Northeastern Section - 53rd Annual Meeting - 2018

Paper No. 46-12
Presentation Time: 1:30 PM-5:30 PM

TECTONIC, SEA-LEVEL, AND PALEOECOLOGICAL CONTROLS ON CARBONATE FACIES DISTRIBUTION, SANTONIAN SANT CORNELI FORMATION, SOUTH-CENTRAL PYRENEES, SPAIN


DRZEWIECKI, Peter1, HUNT, David W.2, WRIGHT, Wayne R.3, VERGES, Jaume4, ALMAR, Ylenia4, CASINI, Giulio4 and MORAGAS, Mar4, (1)Department of Environmental Earth Science, Eastern Connecticut State University, 83 Windham Street, Willimantic, CT 06226, (2)RDI EXP CPR, Statoil, ASA, Sandsliveien 90, Sandsli, 5254, Norway, (3)EXP INTN REG, Statoil ASA, Martin Linges vei 33, Fornebu, 1364, Norway, (4)Group of Dynamics of the Lithosphere (GDL), Institute of Earth Sciences Jaume Almera (ICTJA), CSIC, Lluis Solé i Sabarís, Barcelona, 08028, Spain

The Santonian (late Cretaceous) Sant Corneli Formation, south-central Pyrenees (Spain), is a spectacularly exposed example of a carbonate platform system that is controlled by accommodation change related to relative sea level, tectonics, paleoecology, climate and external sediment input patterns. The platform system formed on the southern margin of the Pyrenean rift basin, and records the interaction of two sediment sources: (1) a regional quartz-rich skeletal grainstone source prograding to the north (Aramunt Vell Mb), and (2) an isolated westward prograding rudist-coral-sponge ramp localized on top of the growing Sant Corneli / Boixols anticline (Collades de Basturs Mb).

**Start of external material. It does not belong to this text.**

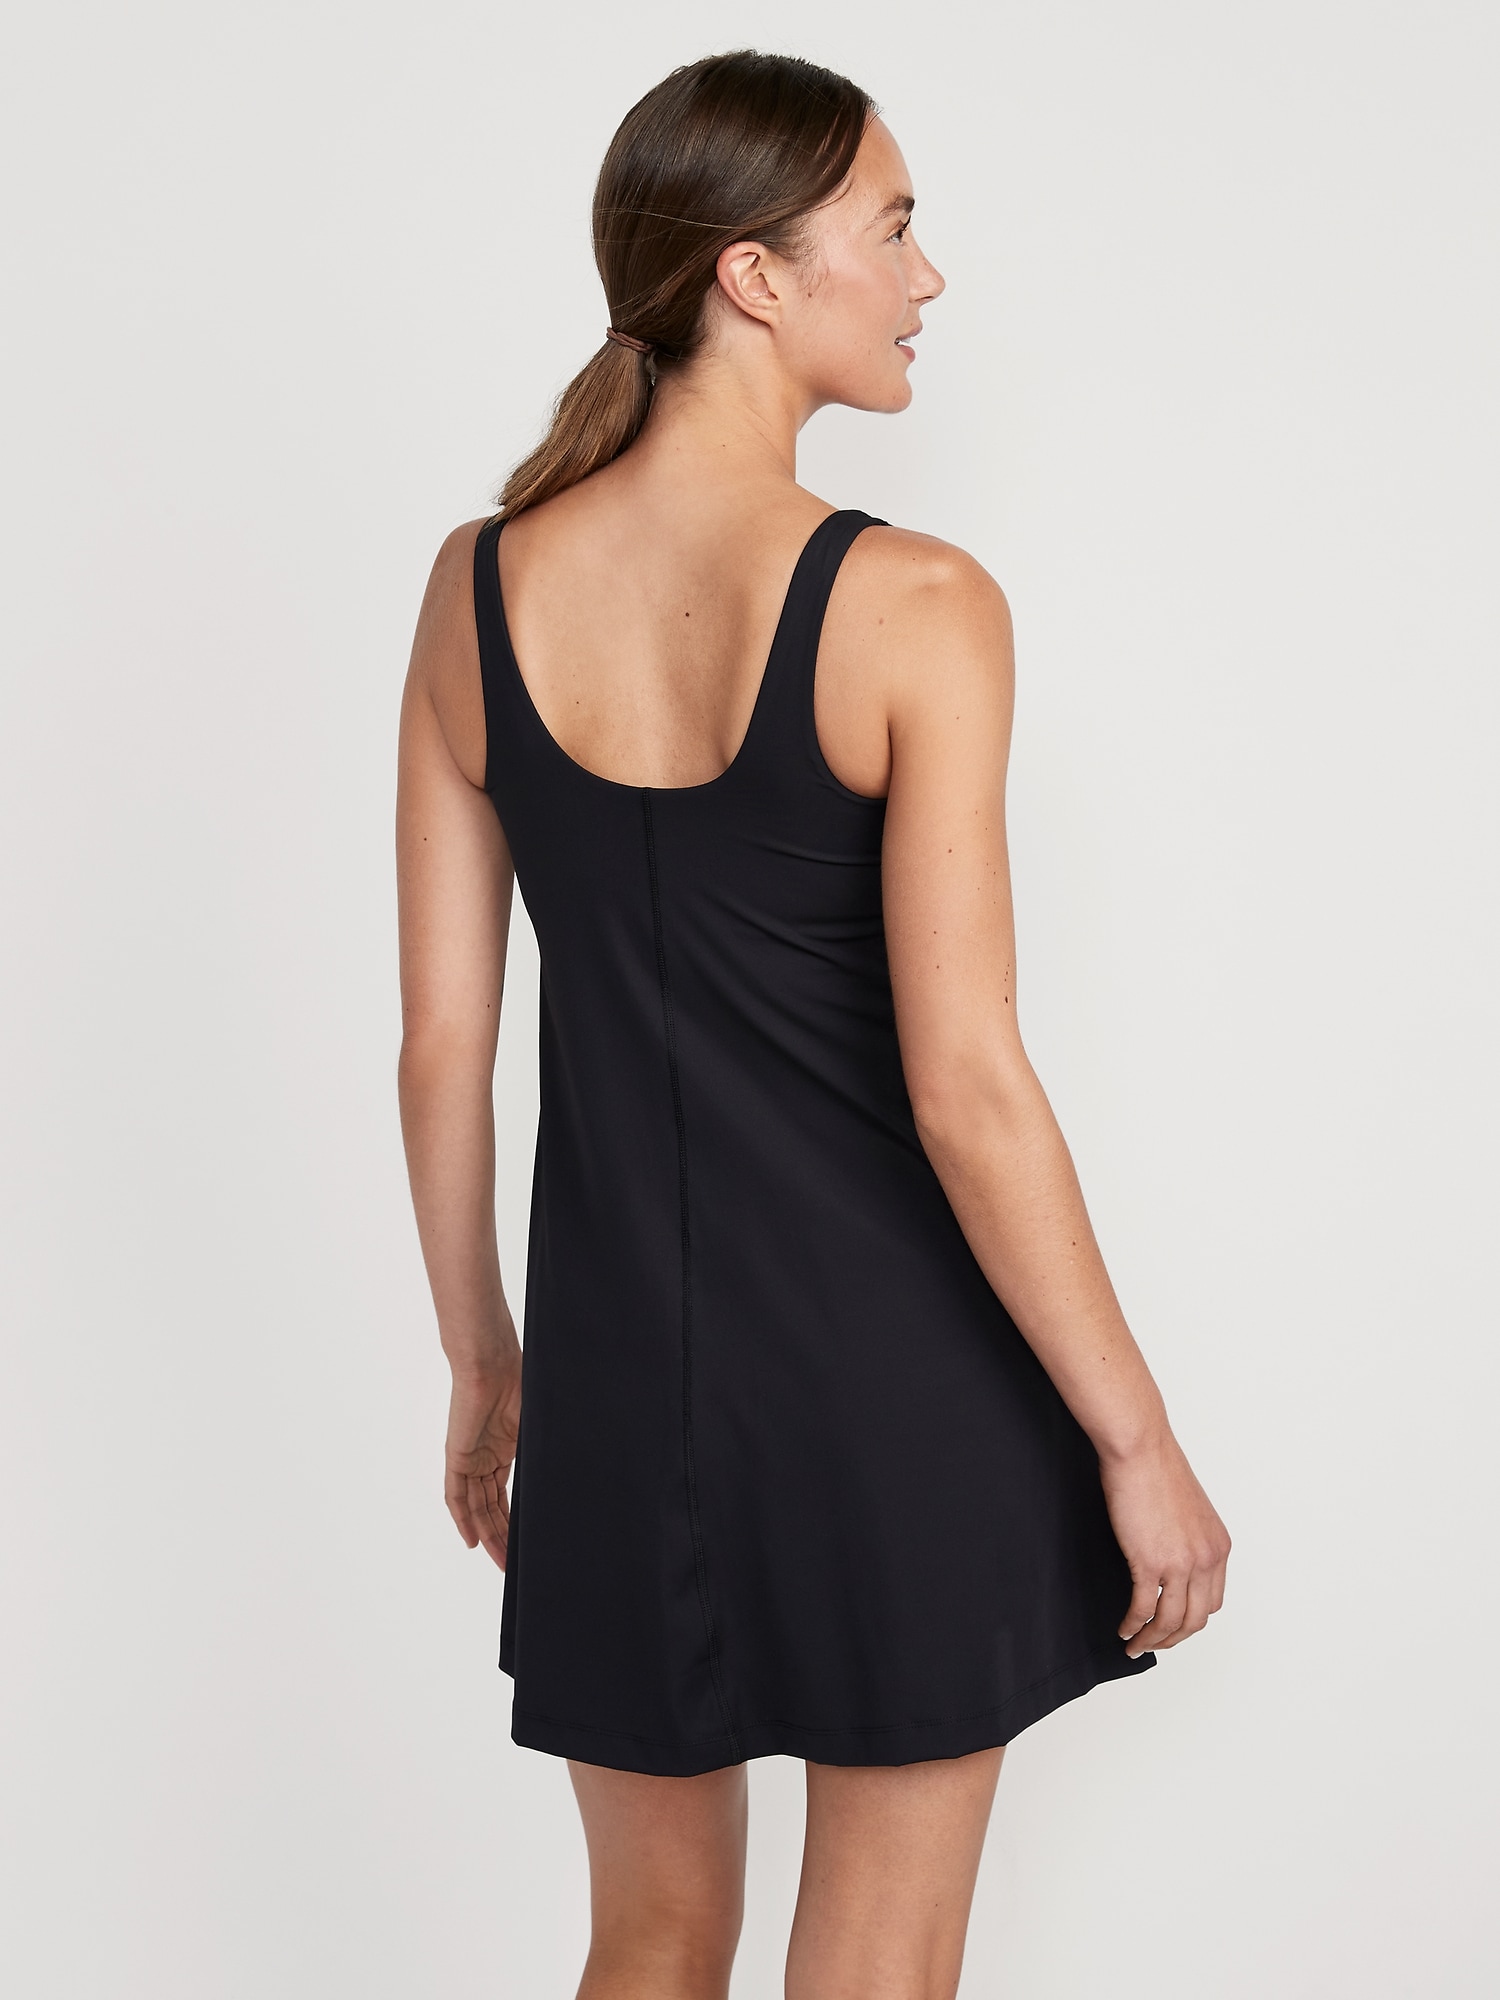 Old Navy PowerSoft Sleeveless Support Dress, Editor Review

Outcrops on the southern limb of the Sant Corneli anticline record three orders of cyclicity between deeper marl and shallower rudist biostrome and skeletal grainstone-rudstone facies, interpreted to be primarily driven by changes in relative base-level. Meter-scale cycles of in situ rudist biostromes and reworked skeletal debris stack into decameter-scale platform units that prograde and retrograde in response to eustasy and tectonically controlled changes in accommodation. The northern flank of the anticline records deposition in a higher energy ramp environment and preserves cycles of steeply (up to 12°) prograding quartz-rich grainstone shoals interbedded with rudist-coral-sponge biostrome facies. On both flanks of the anticline, the rudist facies decrease to the west (away from the anticline crest) as quartz-rich grainstone facies increases.

Syndepositional growth of the eastern part of the Sant Corneli / Boixols anticline provided suitable conditions to nucleate a rudist carbonate platform that was isolated from the regional, land-attached grainstone system. Critically, carbonates on the crest of the anticline lack clastic input, and so developed extensive low-angle rudist-coral-sponge biostromes. At the same time, the quartz-rich grainstone system prograded northward over the western end of the current Sant Corneli / Boixols anticline, indicating it had yet to form a topographic barrier. Ultimately, understanding the carbonate growth history and facies distribution of the Sant Corneli carbonate platforms help to unravel the complex and episodic growth of the Sant Corneli / Boixols anticline.